If a hostile actor were the first to reach Q-Day, the simple act of moving Satoshi’s coins would serve as proof of a successful attack. It will instantly demonstrate that Bitcoin’s fundamental security has been breached, triggering market-wide panic, a bank of exchanges, and an existential crisis for the entire crypto ecosystem.
do you know A common tactic discussed it’s “collect now, decipher later.” Malicious actors are already recording encrypted data, such as internet traffic and blockchain public keys, with the intention of deciphering it years from now when they have a quantum computer.
How Bitcoin could switch to quantum-safe protection
The entire technological world is moving towards new quantum-resistant standards. For Bitcoin, this would require a major network upgrade, or fork, to a new algorithm.
The crypto community is not expecting this to happen. The solution is post-quantum cryptography (PQC)a new generation of encryption algorithms built on different and more complex mathematical problems that are believed to be secure against classical and quantum computers.

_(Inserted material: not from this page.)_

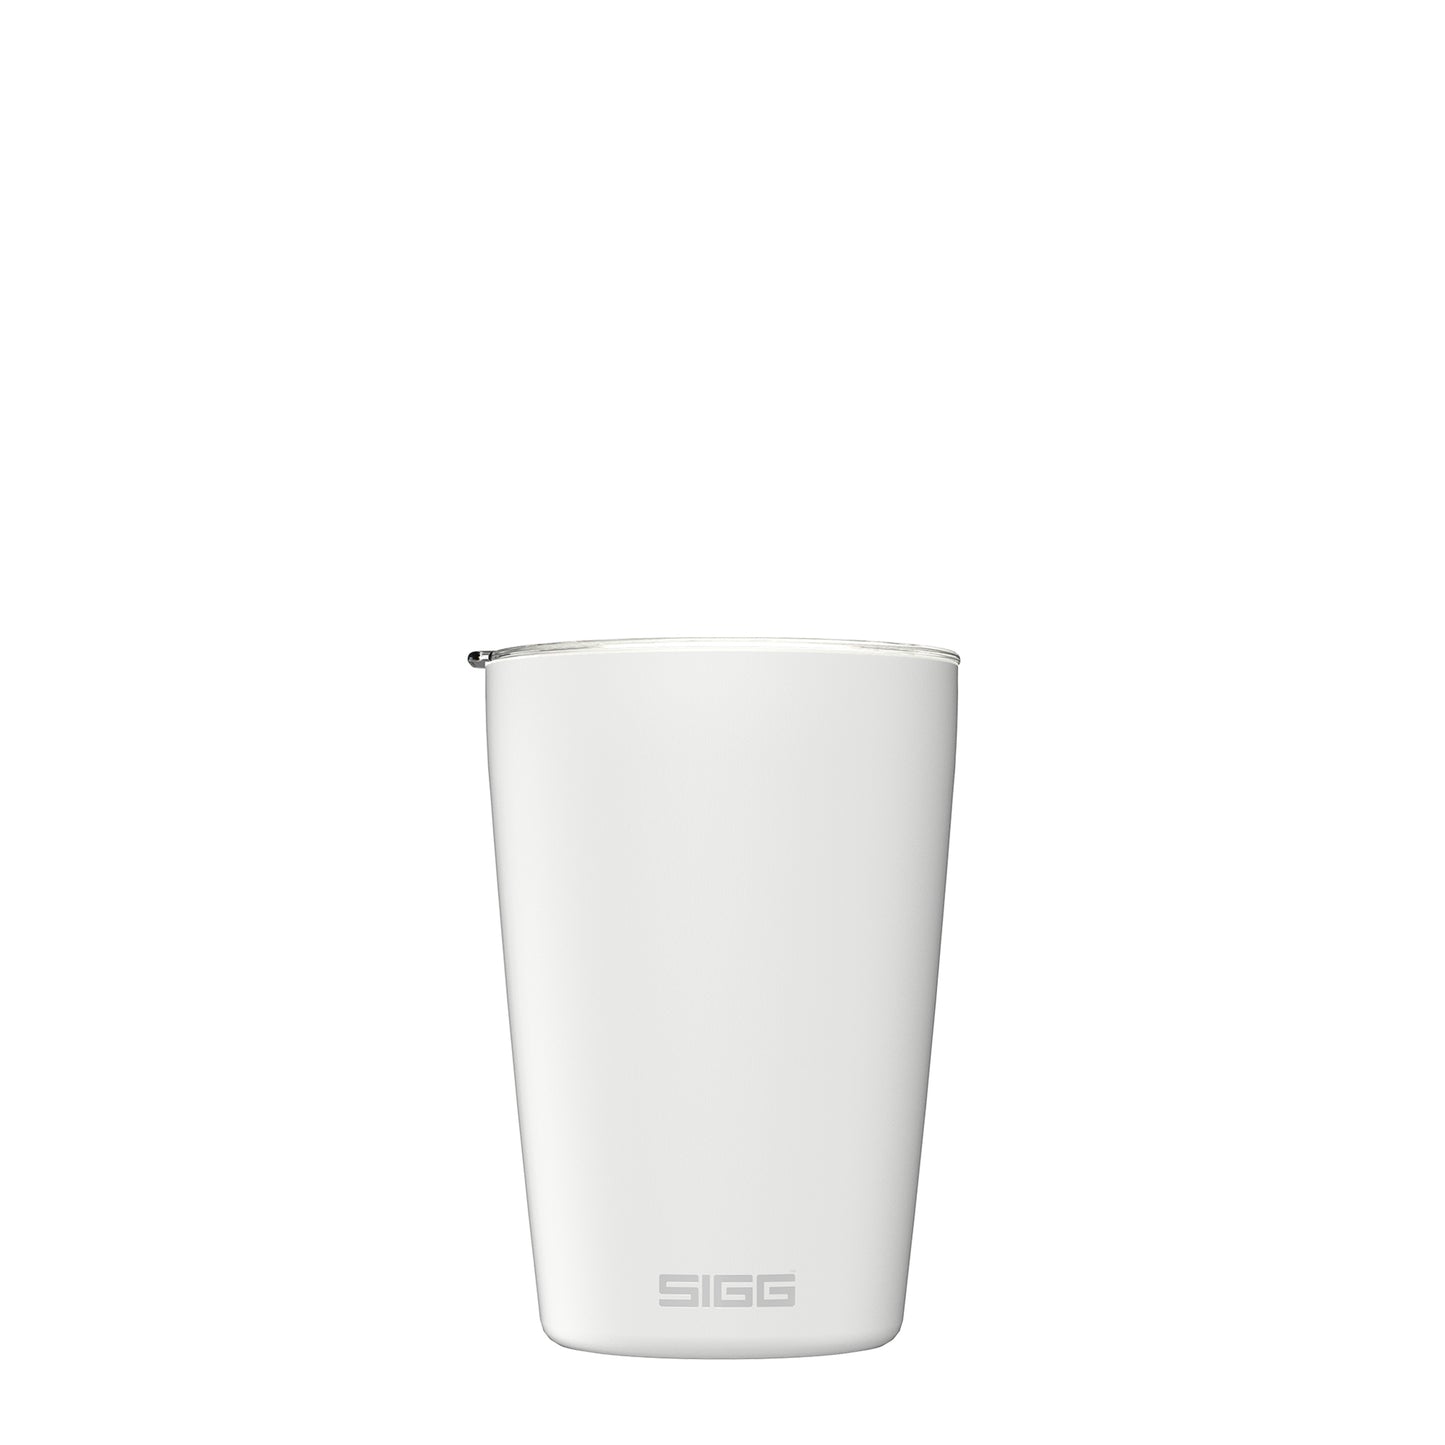 SIGG Neso Cup 300 ml

Instead of elliptic curves, many PQC algorithms rely on structures such as lattice-based cryptography. The US National Institute of Standards and Technology led this effort.
-
In August 2024, the National Institute of Standards and Technology published the first finalized PQC standards.
-
Key to this discussion is ML-DSA (Module-Lattice based Digital Signature Algorithm), part of the CRYSTALS-Dilithium standard.
-
The wider tech world has already adopted it. By the end of 2025, OpenSSH 10.0 had done a PQC algorithm is its default, and Cloudflare has reported that most of its web traffic is now protected by PQC.

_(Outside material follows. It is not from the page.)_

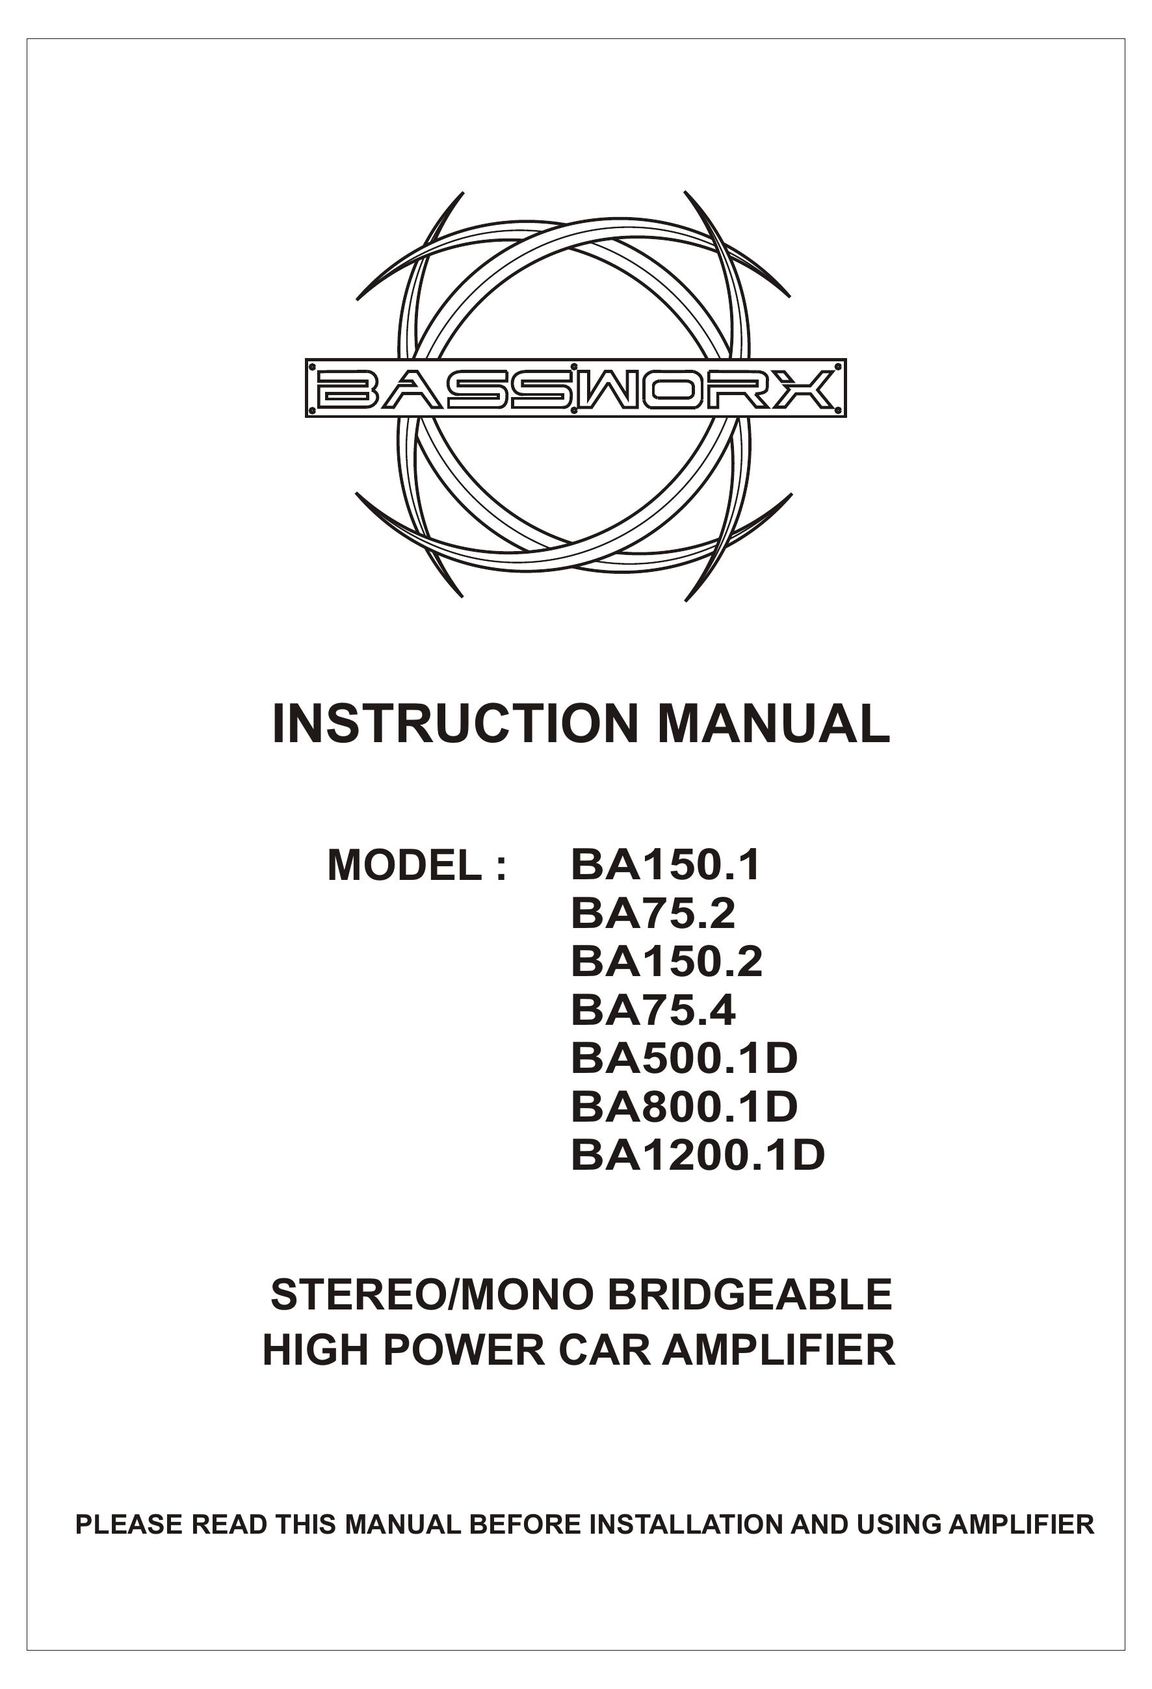 Bassworx BA150.2 Car Amplifier User Manual

For Bitcoin, the path forward would be a network-wide software update, almost certainly implemented as a soft fork. This update will introduce new quantum-resistant address types, such as the proposed “P2PQC” addresses. He was not forcing anyone to move. Instead, users will be able to voluntarily send their funds from older and vulnerable addresses, such as P2PKH or SegWit, to these new secure ones. This approach would be similar to how the SegWit update was launched.